My dear young friend,

A son! My heartiest of congratulations!

It is, perhaps, a bit early to speak to you of such things. But as one never knows the day of one’s death, I shall venture a bit of instruction on the art of raising children.

The first thing is this: children must be brought under authority. You are under the authority of the Lord; your wife is under your authority, and she must then rule the children. Never accept from your children the slightest lack of respect for their mother! She is the woman you love as well as the one who bore the pain of their birth. She has earned their respect; it is her due. If you will treat her with constant courtesy and respect, if you will always uphold her authority over the children, you will have little difficulty in disciplining them.

There is one obedience above all which you must observe. You cannot deceive your children. You must be under the authority of Christ. Your wife under your authority, your children under hers – all depend upon your obedience to Christ. It is the foundation of your family discipline.

Your children are quick to learn by example, you see. Indeed, much quicker than you will realize. So if they see you in obedience to Christ; your wife in obedience to you, and both of you insisting upon their obedience and respect, they will soon see their place.

How I remember my father, God rest his soul, upholding that! No offense could be greater than to fail to respect to my mother. I never recall her disciplining us as children for such a thing; my father took it as personal offense. He defended her honor, her dignity and her authority on every occasion. Knowing no better, I did likewise. The results have been most satisfactory in both cases, and I believe my sons are of the same opinion.

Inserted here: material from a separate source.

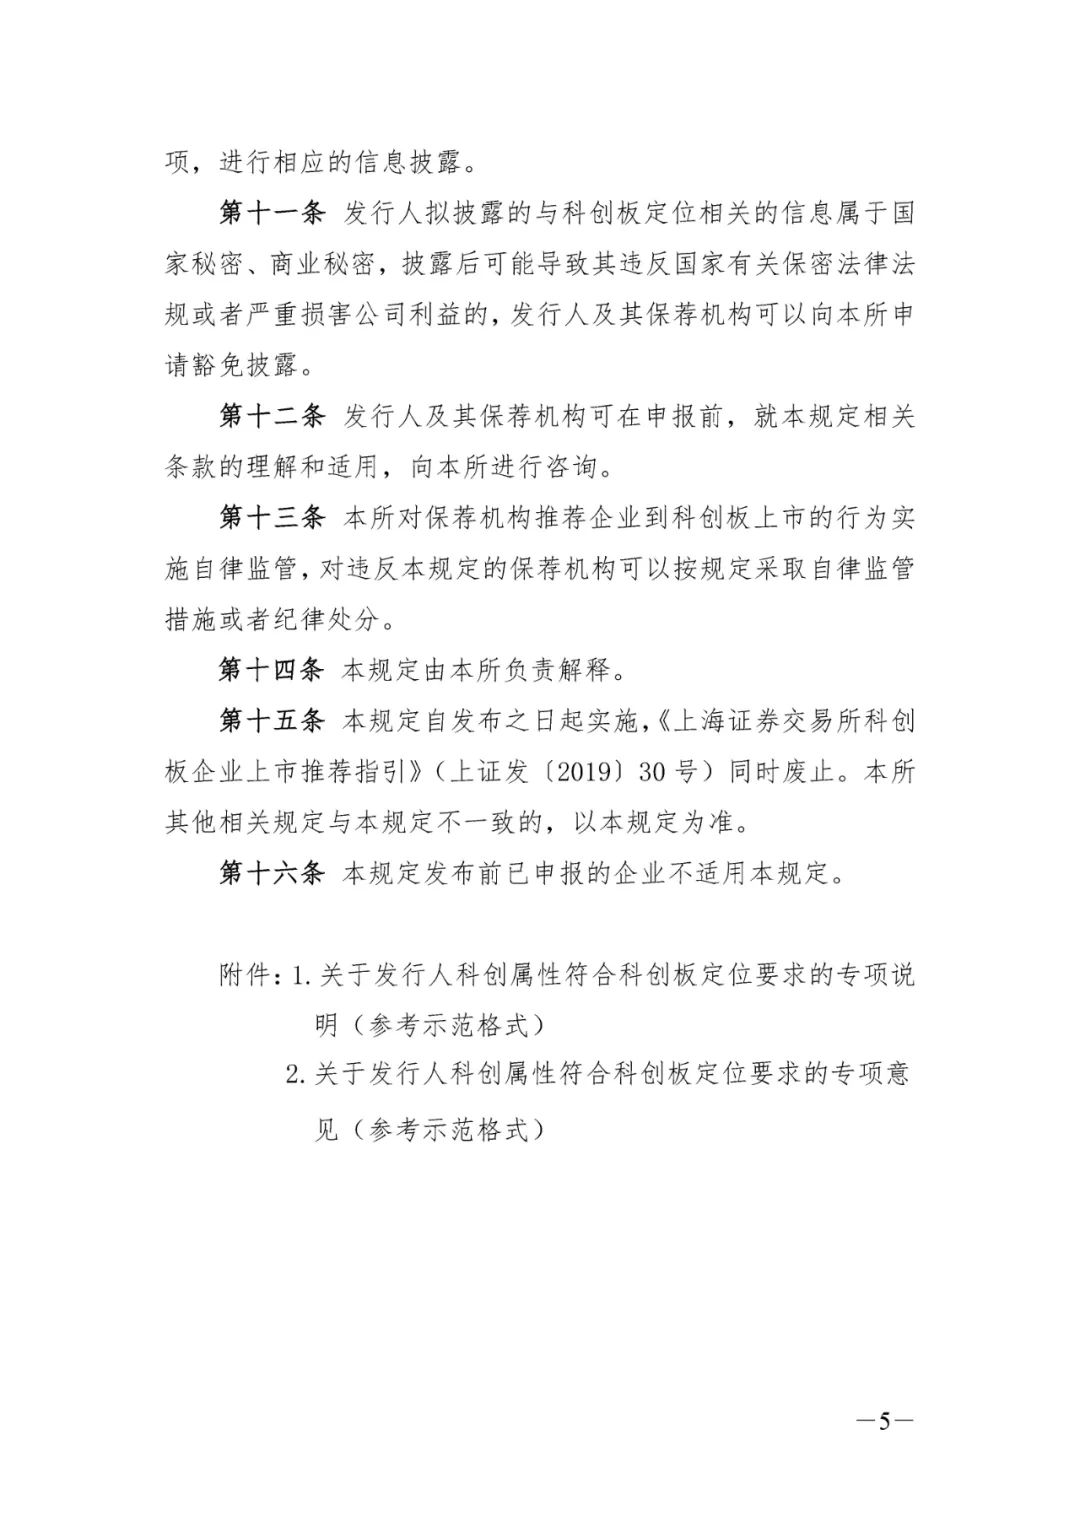 关于发布《上海证券交易所科创板企业发行上市申报及推荐暂行规定》的通知

In all this you must remember the Apostle’s command: do not provoke your children to wrath. In my later years of childhood I often (it is the way of wisdom for those of thirteen summers) disagreed with my parents. My father permitted this – as long as all the forms of respect were observed. He, of course, had the final decision. Often enough, though, my whim and foolishness were desire enough for him to allow me to try my own follies. Anything could be said – with respect and honor. In this there is great wisdom.

It is great wisdom for this: some day the child shall become a father as well. It is good that he then has walked on his own two legs for some time. Kindly remember that you are not raising a slave for service but a princeling in his own right. If you will turn your mind to raising a noble man, your son will have cause to thank you.